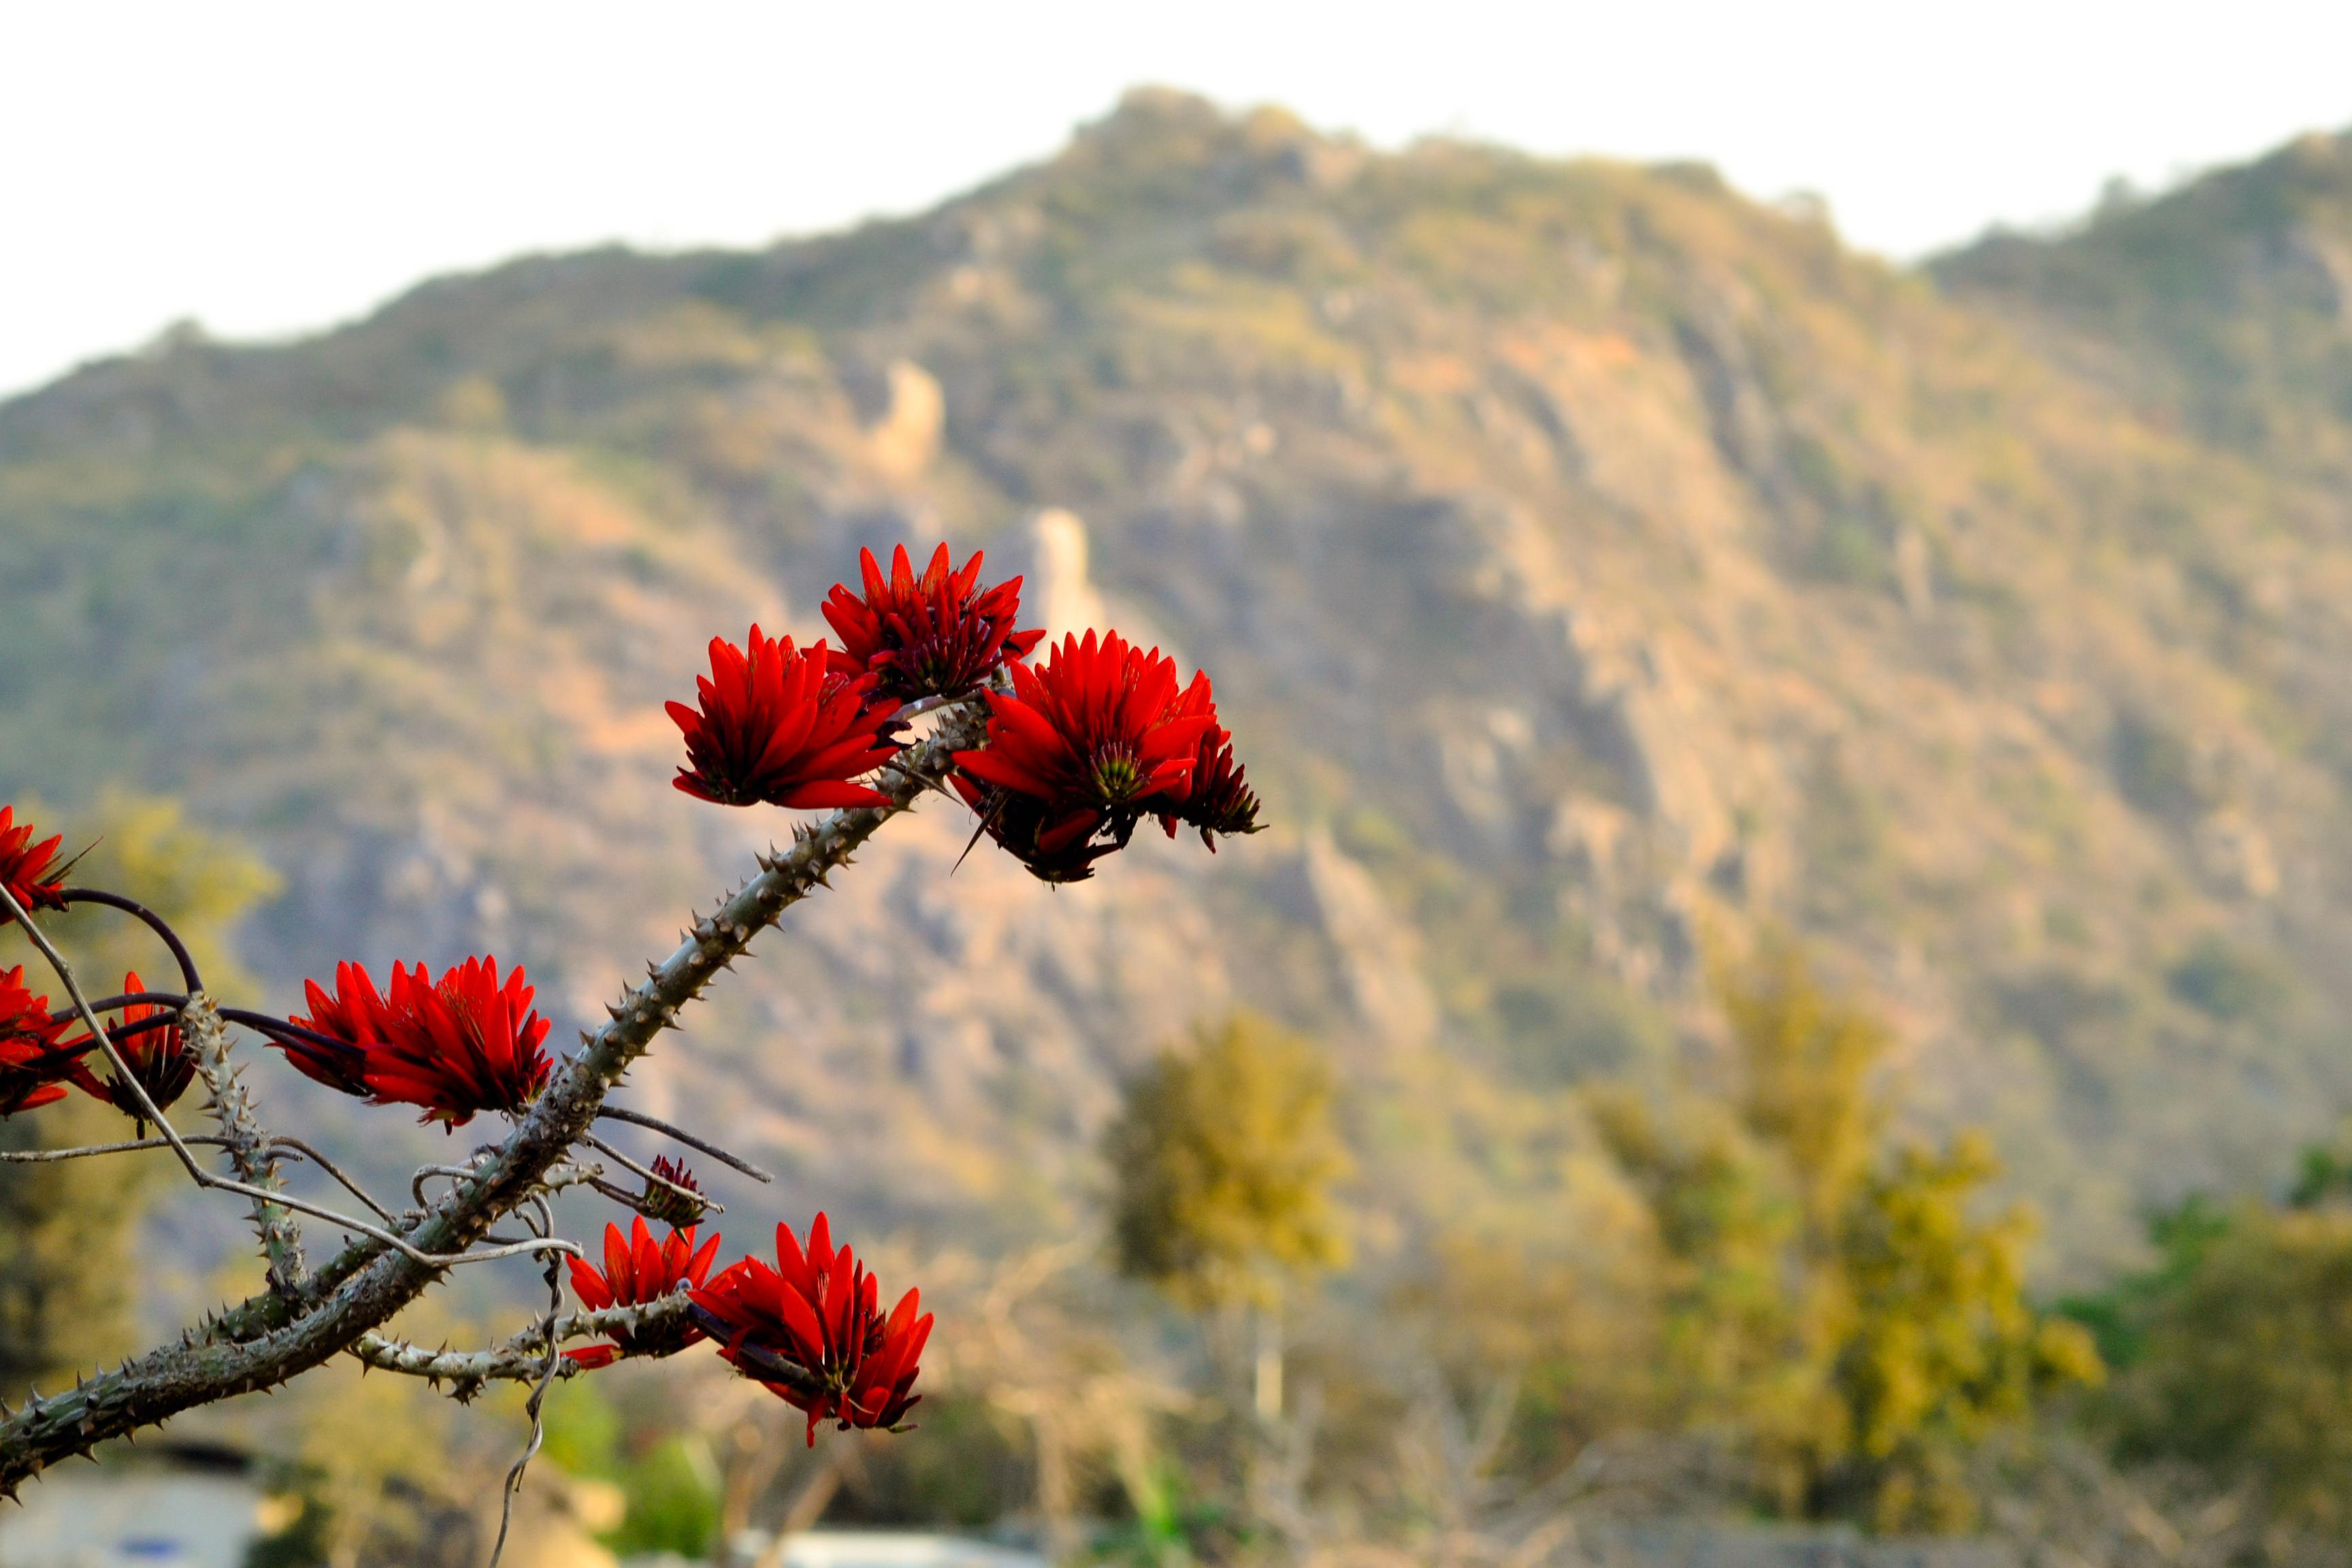 File:Palash flower.jpg - Wikimedia Commons Palash Flowers Images
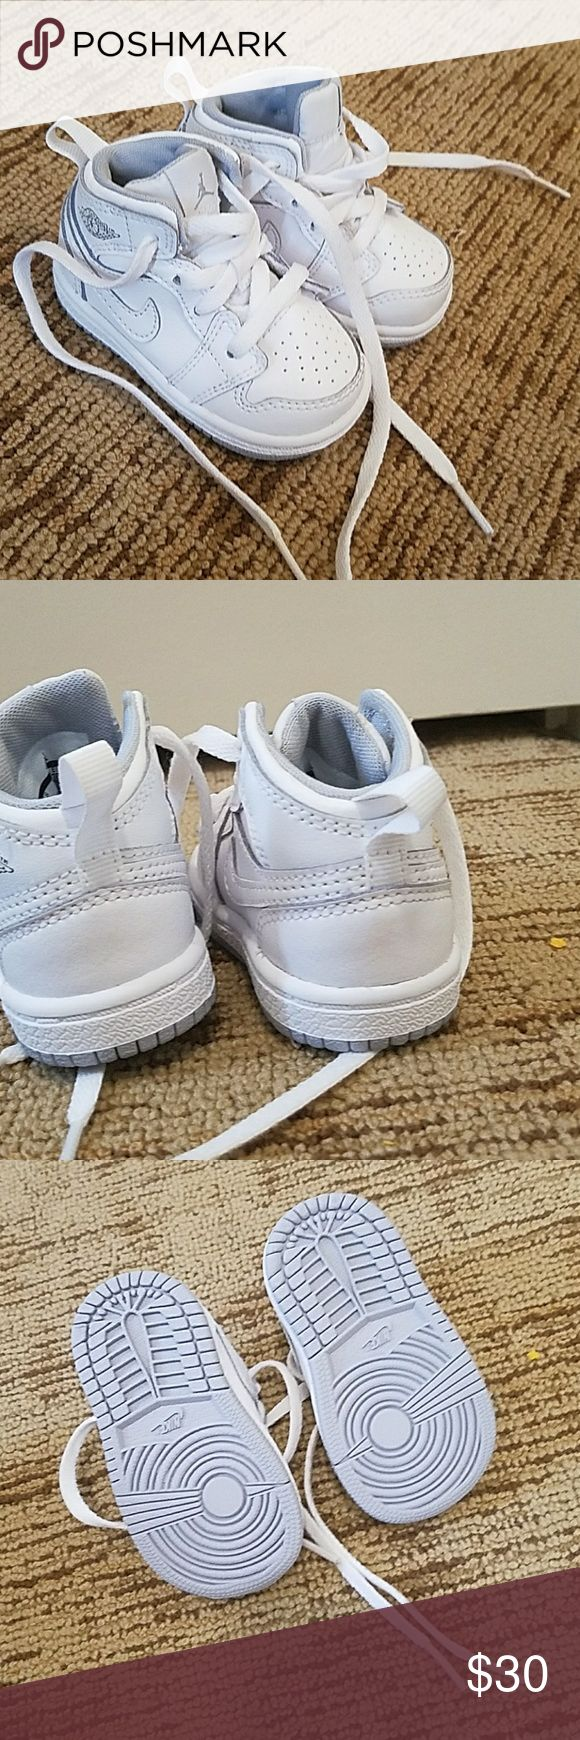 Air jordans All white grey bottoms Jordan Shoes Sneakers
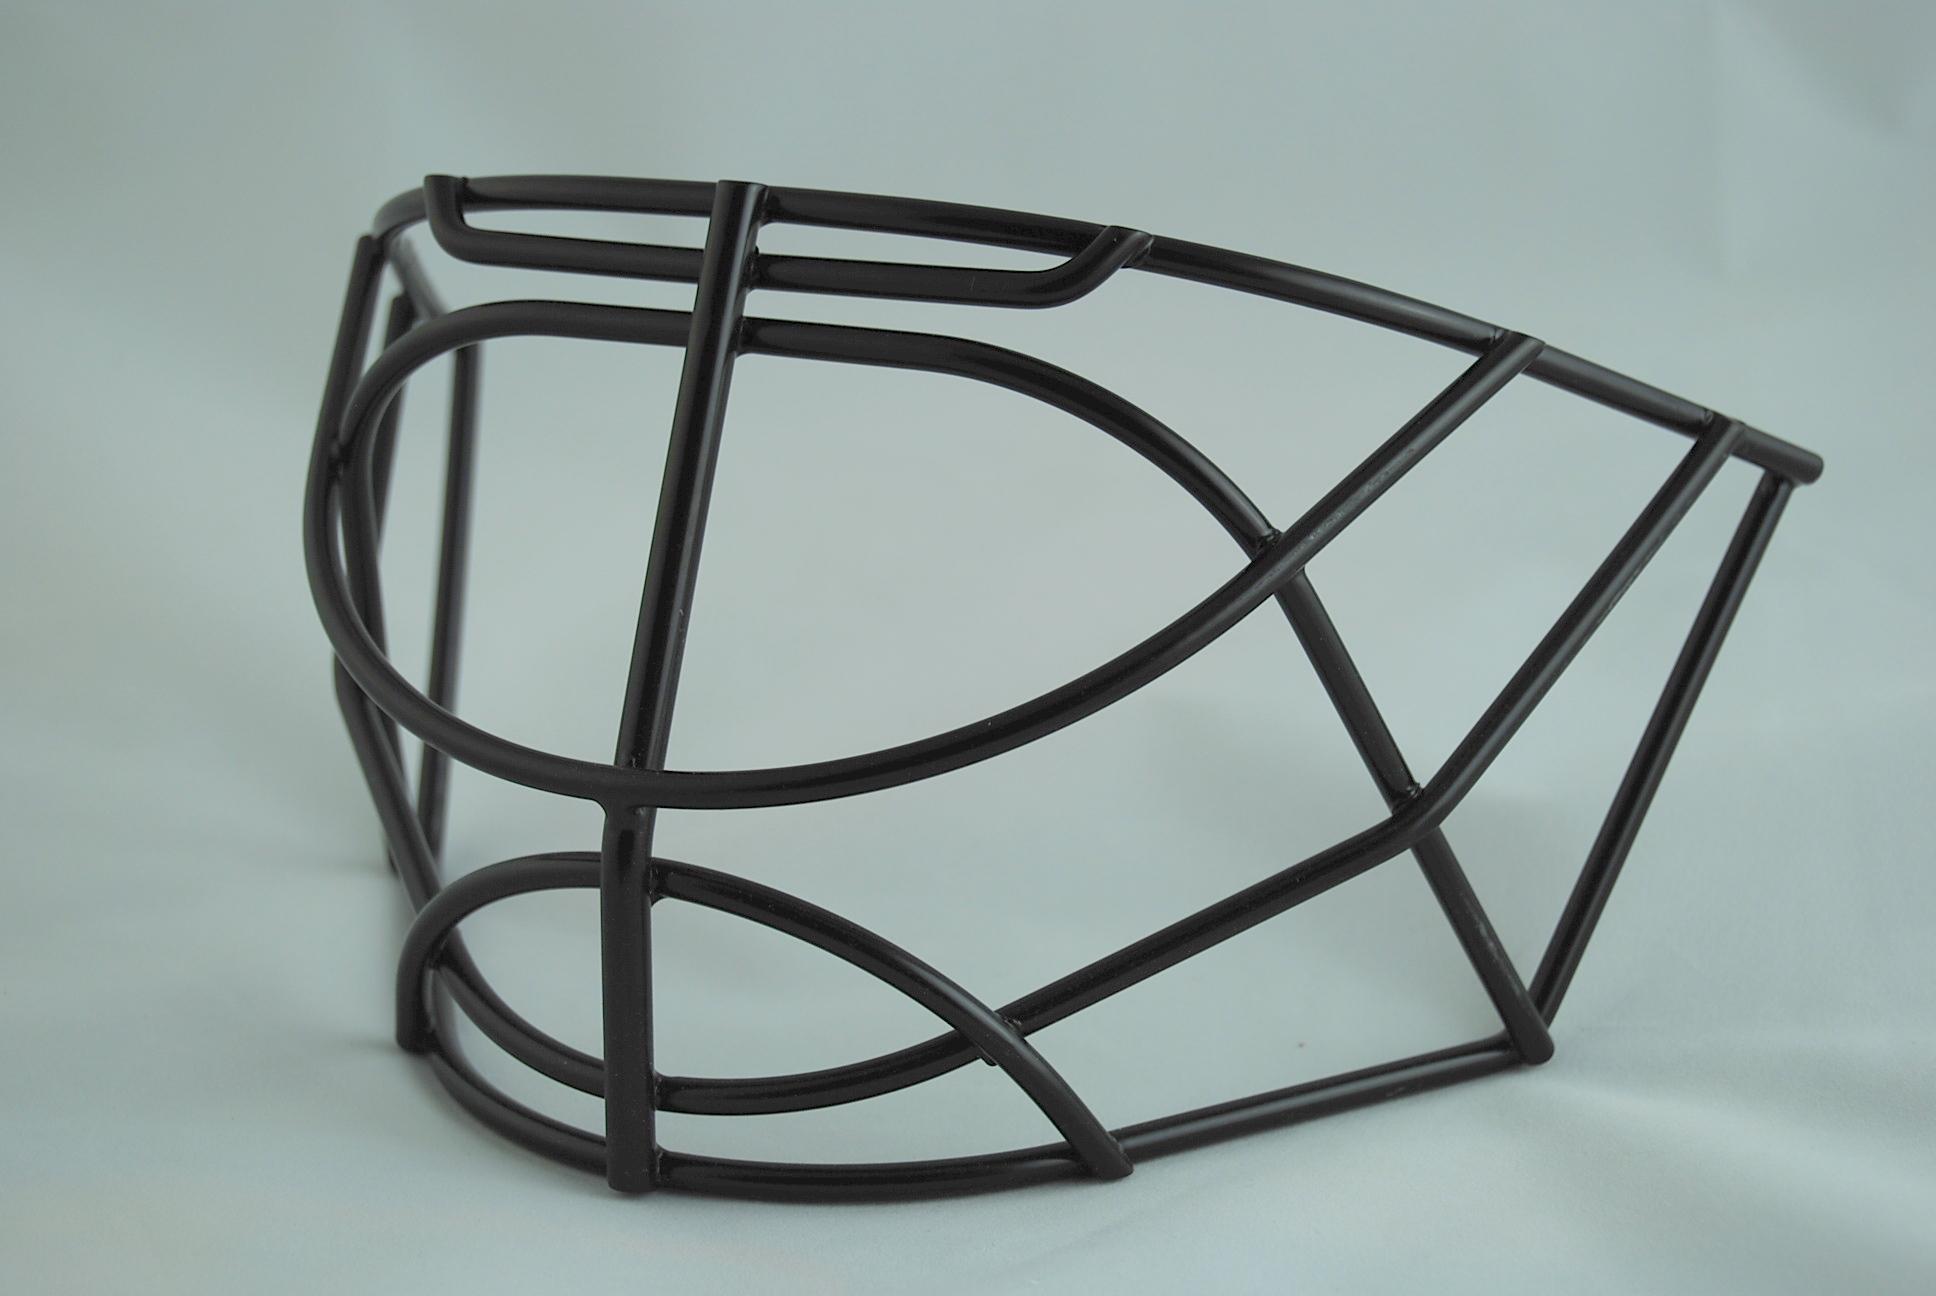 0506ad902a6 NME Concept Cateye Singlebar Cage Black – GOALIECAGES.COM

---

Take the line containing "Air jordans All" through the last line of the material and retype exactly those lines, both ends included, with no pictures.

 Air jordans All white grey bottoms Jordan Shoes Sneakers
 0506ad902a6 NME Concept Cateye Singlebar Cage Black – GOALIECAGES.COM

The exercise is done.